PDA

View Full Version : Spread is the New Wishbone



SbOrOiNaEnR
8/28/2008, 10:57 PM
Neat article from the Statesman...although the columnist is kind of an a$$jack when it comes to OU. I'll bold the statements that pissed me off the most.


Forty years later, the spread is the new wishbone
Football's latest revolution is hardly a passing fancy
By Kirk Bohls

AMERICAN-STATESMAN STAFF


Wednesday, August 27, 2008

Some 40 years ago, I sat in the north end zone of Memorial Stadium — pre-Dodds era — with my bleeding-orange father and watched the future.

We looked on in amazement at this newfangled offense that Darrell Royal unveiled for the first time in the 1968 season-opener against Elmo Wright's dazzling Houston Cougars. We cringed as Texas barely hung on for a 20-20 tie.

Also in the stadium was Irving High School coach Ken Dabbs, who had coached Wright at Sweeney and would later join Royal's staff and almost single-handedly deliver Earl Campbell, as the recruiting coordinator. Dabbs had seen the new offense a few weeks earlier because Russell Coffee — himself a former DKR assistant — had somehow gotten his hands on it and trotted it out for his Garland team in a preseason scrimmage.

"I didn't know what it was," Dabbs said. "I'd never seen anything like it."

Neither had college football. Emory Bellard's invention, with its precision reads and triple options, turned the game on its ear. Royal's top offensive genius had revolutionized the sport, much like the spread offense is doing these days.

Much of the credit for that has gone to Mouse Davis, the innovative free thinker at Portland State, who designed the run-and-shoot, but Rich Rodriguez further popularized the spread at West Virginia and is now adapting it at Michigan, which is a little like seeing Brett Favre in a Jets uniform.

But the wishbone electrified both fans and defensive coordinators for years until 7-on-7 drills, faster athletes and the allure of the NFL forced coaches to rethink the game and modernize their attacks.

Mike Leach is perfecting the spread better than most at pass-giddy Texas Tech, but June Jones used it well enough to inject Hawaii into a BCS berth. Even Texas has deserted a once-total reliance on the ground game in favor of a balanced offense, starting with the I-formation under Fred Akers in 1977, a formation many of us in town still miss.

But on that cool Sept. 21 night in 1968 when Royal shocked the world, the wishbone was born.

Could it ever be born-again?

"I wouldn't rule it out," said new Baylor coach Art Briles, who helped spread the spread offense during his days at Stephenville. "Nowadays, defenses are made up of a bunch of guys who can move pretty well and are not that big.
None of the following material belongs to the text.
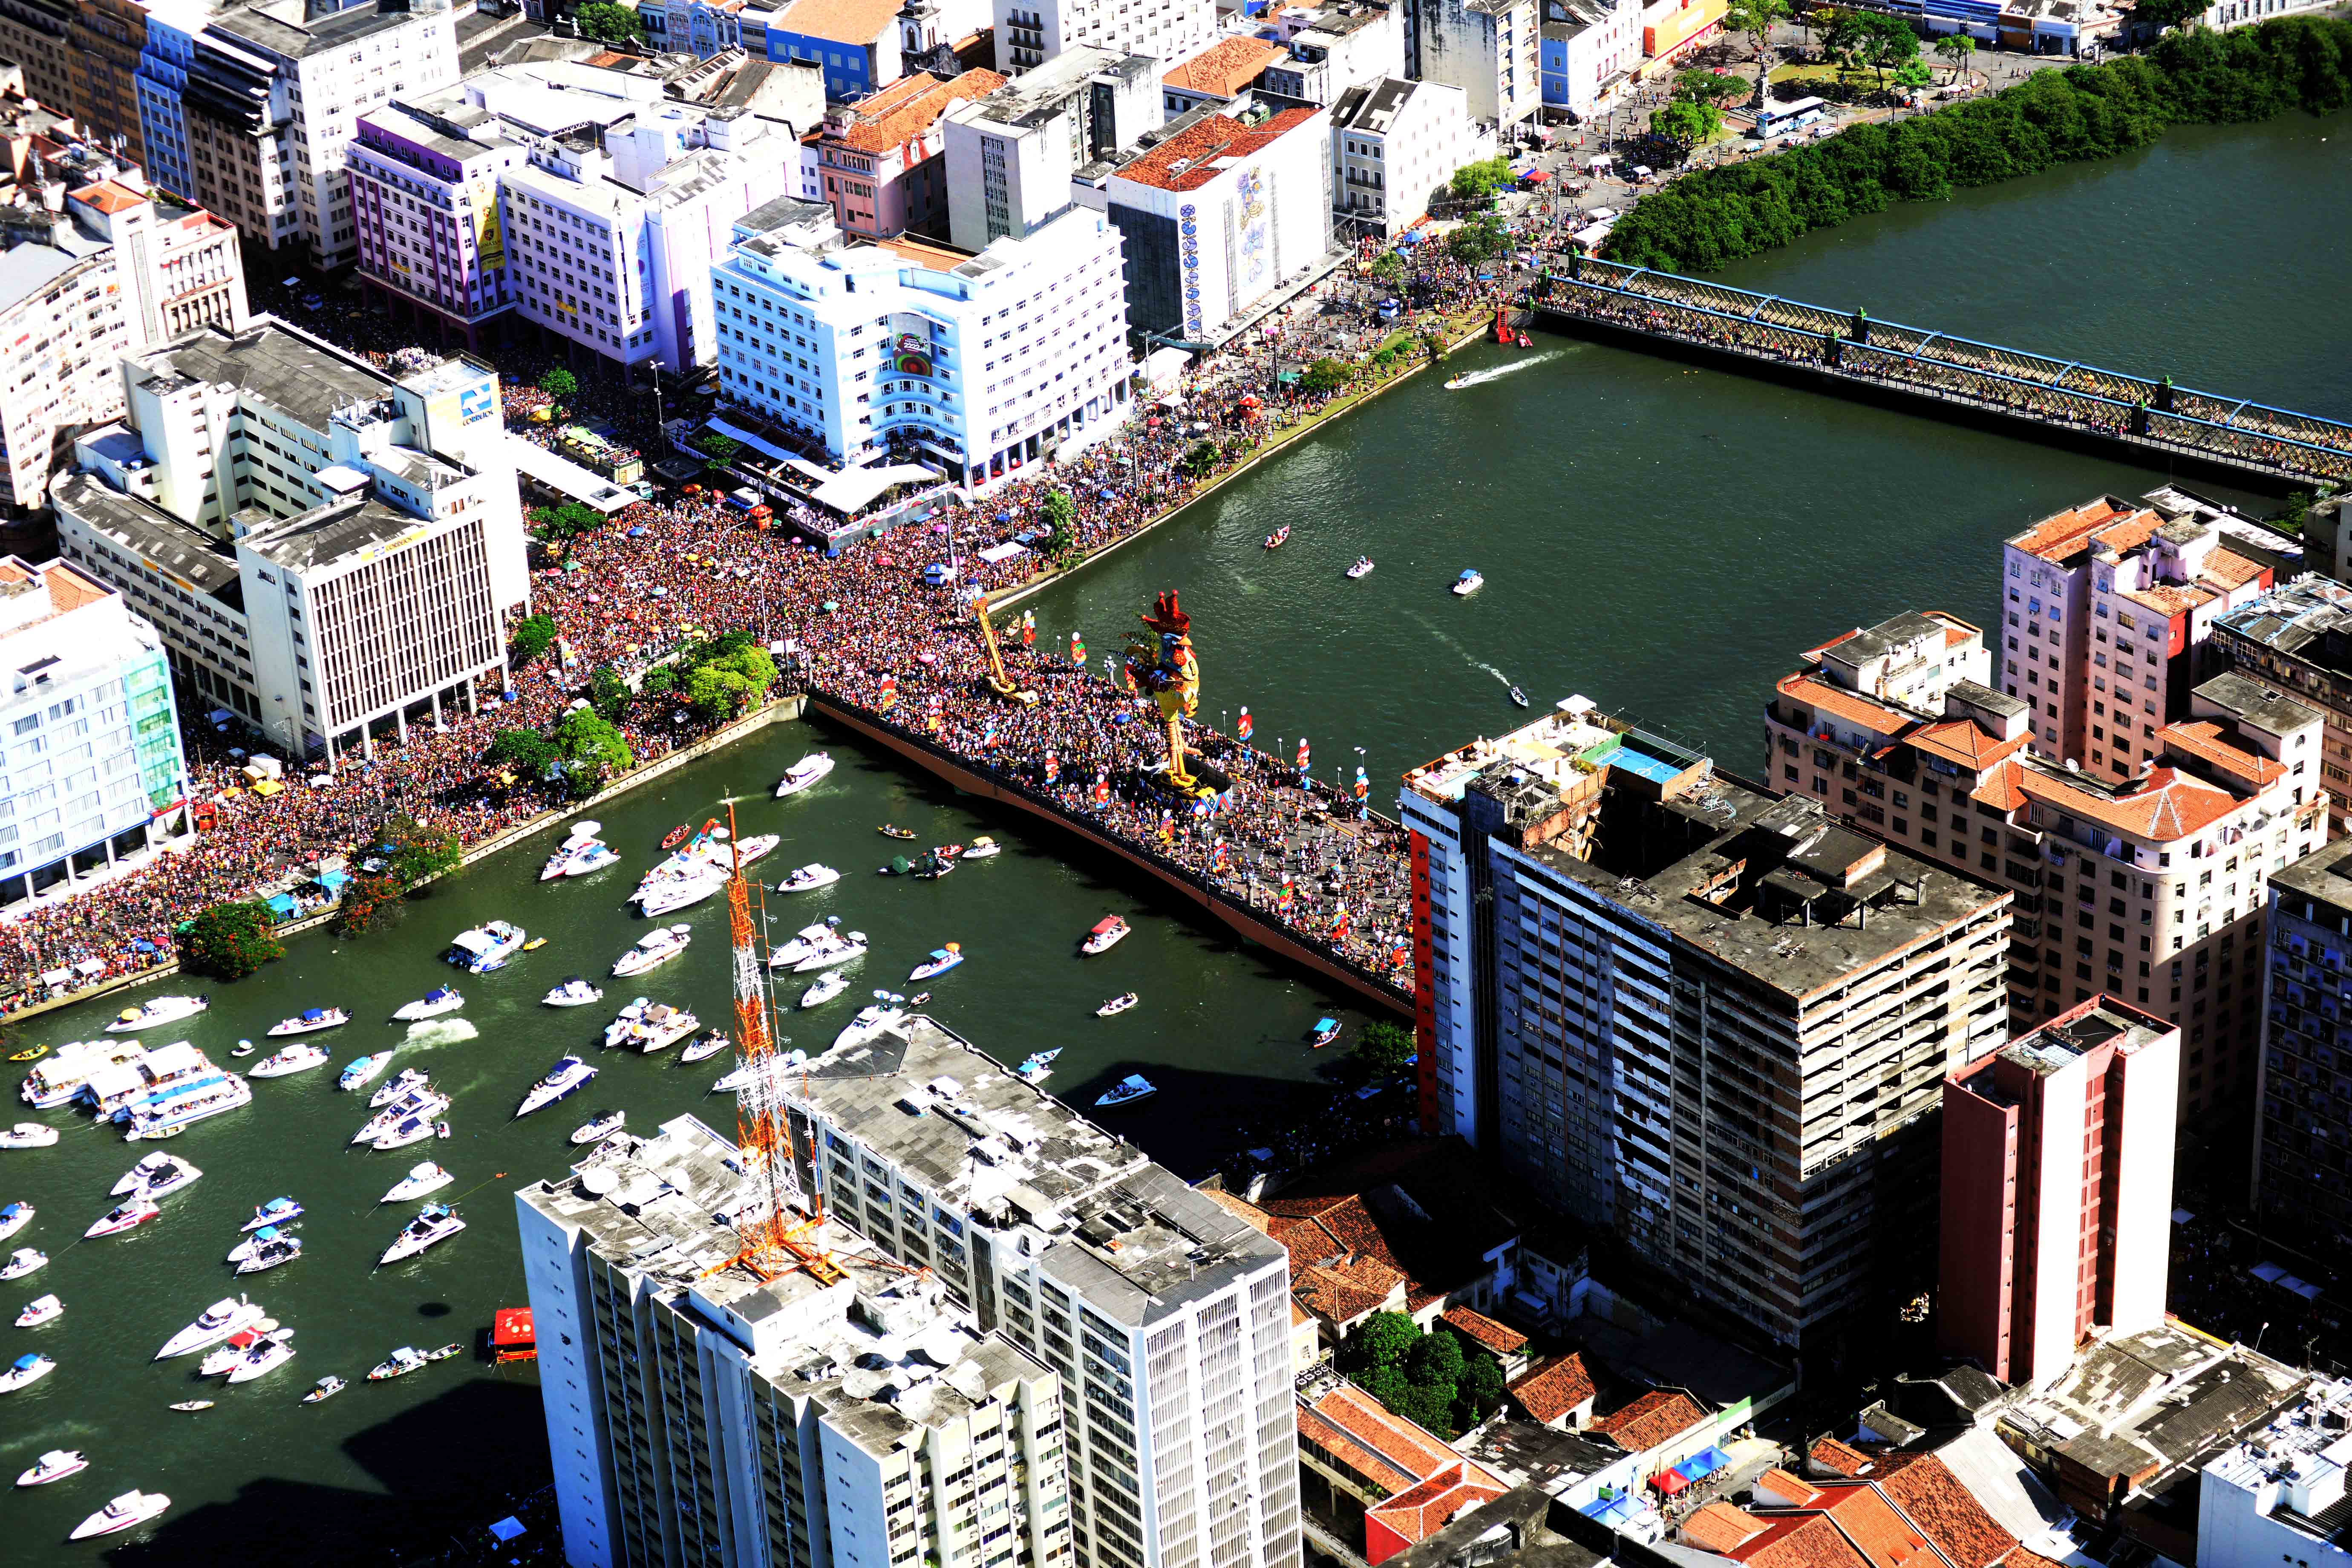 Descubre Carnaval de Janeiro Expresiones Culturales - Carnaval en Brasil

If somebody wanted to line up and pound the ball, I think they'd have a chance to have a little bit of success."

The best defense against the run-and-shoot that I ever saw was concocted by Arkansas' Ken Hatfield, a wishbone practitioner himself. His Razorbacks rushed three, dropped eight into coverage and never missed a tackle against Houston's explosive offense.

Much like the spread relies heavily on an astute, quick-thinking quarterback with poise, so too did the wishbone. The original wishbone quarterback seemed ill-suited for it, and Bill Bradley moved to receiver, then safety.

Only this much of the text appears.